И. Е. Фарбер, Правосознание как форма общественного сознания, изд. "Юридическая литература", М., 1963, 205 с. :[Рецензия].
Мицкевич, А. В.
И. Е. Фарбер, Правосознание как форма общественного
сознания, Изд. «Юридическая литература», М., 1963, 205 с.
Книга И. Е. Фарбера посвящена исследованию актуальной темы советской
юридической науки. Изучение проблем правосознания тесно связано с задачами
коммунистического воспитания и укрепления законности. Оно имеет важное
значение и для теоретической разработки основных научных категорий о
сущности права, его взаимодействии с нравственностью, политикой, различными
формами общественного сознания.
Освещаемые в книге проблемы правосознания как отражения общественного бытия,
структуры правосознания, его соотношения с другими формами общественного
сознания — это по своему существу проблемы философии. Вместе с тем решение
этих проблем применительно к правовому сознанию органически входит в
предмет теории государства и права как методологии юридических наук. В
работе делается попытка широкого применения философских категорий к одной
из проблем теории государства и права.
Такой подход к исследованию правосознания привел автора к ряду заслуживающих
внимания теоретических выводов.
Исходными вопросами исследования являются положения о предмете
правосознания и правосознании как о части надстройки (гл. I). И. Е. Фарбер
дает в основном правильную трактовку вопросам происхождения и развития
правосознания в истории общества, зависимости правосознания от
экономических отношений, в конечном счете определяющих содержание правовых
взглядов общества. Он выделяет при этом специфику правовых категорий,
которые отражают «социальную потребность общества в общественной дисциплине...,
потребность регулировать поведение и тем самым вносить порядок и устойчивость в
общественные отношения» (с. 24). Эта потребность выходит за рамки
производственных отношений, хотя и определяется ими. Отсюда И. Е. Фарбер делает
правильный вывод, что правосознание отражает, наряду с экономическими, и
политические, моральные, семейные, личные и иные общественные отношения, но
с одной их существенной стороны — со стороны поведения, действий людей (с. 24,
28).
Заслуживает внимания и рассмотрение в книге специфических категорий
правосознания, к которым здесь отнесены права и обязанности, закон и
законность, суд и правосудие, преступление и наказание и др. (с. 24 и
сл.).
Автор стремится обосновать многообразие различных элементов юридической
надстройки, которая охватывает правосознание, право и правоотношения,
законность, правосудие, и освободиться от формулы Сталина, сводящей все
элементы надстройки к взглядам и учреждениям. Он показывает, что такие
юридические явления, как правотворчество, нормы, правоотношения,
правосудие, законность и г. п., нельзя свести ни к категории «взглядов», ни к
категории «учреждений» (с. 36—39). Но далее И. Е. Фарбер утверждает, что
правосознание также «отражает нормы права, правоотношения, законность и т.

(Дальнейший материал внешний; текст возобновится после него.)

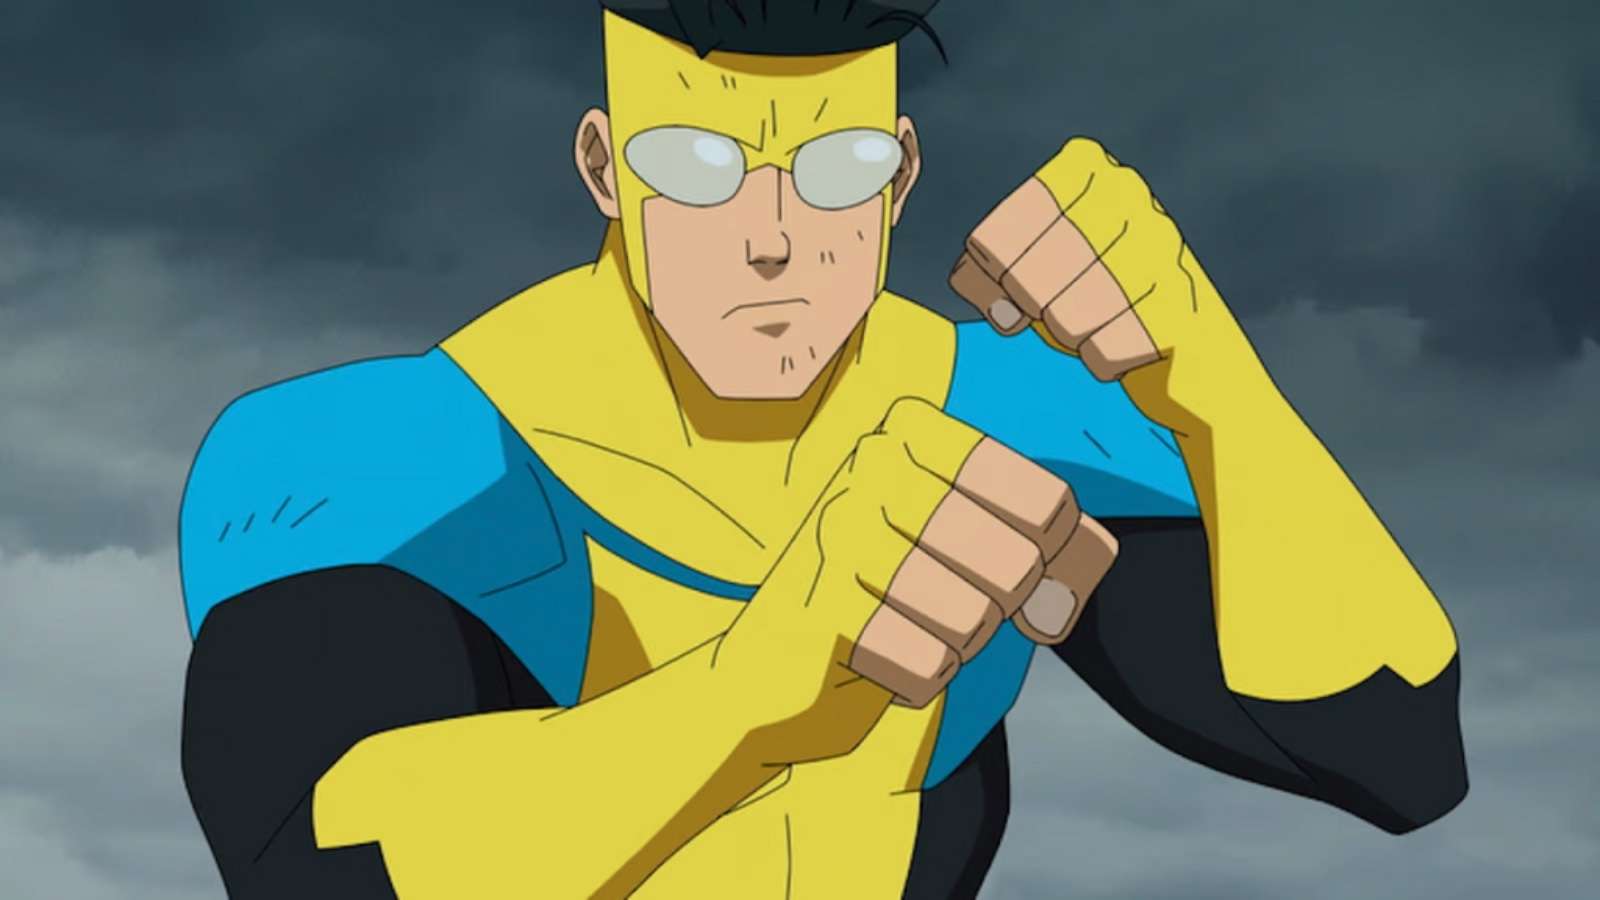 Character Mark Grayson in Invincible voiced by Steven Yeun.

п.», поскольку эти элементы юридической надстройки существуют в реальной
действительности, составляют своего рода «юридическое бытие» (с. 40—41).
Нет сомнения, что в правосознании выражены взгляды и представления о
различных юридических явлениях, существующих в общественной практике под
воздействием права и его применения. Однако предметом отражения, в философском
понимании отражения общественного бытия в общественном сознании, всегда
выступают общественные отношения, которые скрываются за юридической оболочкой
правовых норм, судебных решений и других правовых явлений. Эта юридическая
оболочка выражается в правовых понятиях, но не определяет их существа, что
справедливо отмечает автор на с. 22. За правовыми представлениями о законе,
правоотношении, законности, о юридической практике всегда в конечном счете стоят
интересы тех или иных классов или общества в целом, определенные экономические,
политические, бытовые и иные «реальные» отношения людей. Они и составляют
предмет отражения правосознания. Что же касается всех явлений надстройки,
которые И. Е. Фарбер относит к «юридическому бытию», то они влияют на
правосознание, взаимодействуя с ним, и сами выступают как определенный
продукт общественного сознания, как его «состояние», непосредственно
воплощенное в практической деятельности людей [1].
144
Представляется, что ошибка И. Е. Фарбера в определении предмета правосознания
проистекает из неправильного понимания философского положения о том, что каждая
форма общественного сознания имеет свой особый предмет, что предметом
политических взглядов являются политические отношения, а предметом
правосознания — правовые, нравственного сознания — моральные отношения. Но
если политические отношения как наиболее концентрированное выражение
экономических взаимоотношений классов, наций и народов действительно
предшествуют политическому сознанию, то этого никак нельзя сказать о правовых и
моральных отношениях [2]. А какая область отношений составляет особый
«предмет» философии, искусства? На этот вопрос едва ли можно найти успешный
ответ.
Более правильно искать специфику предмета той или иной формы общественного
сознания не в особой сфере отношений, а в той их стороне, в том аспекте, которые
порождают «отпочкование» философии, права, искусства, морали друг от друга.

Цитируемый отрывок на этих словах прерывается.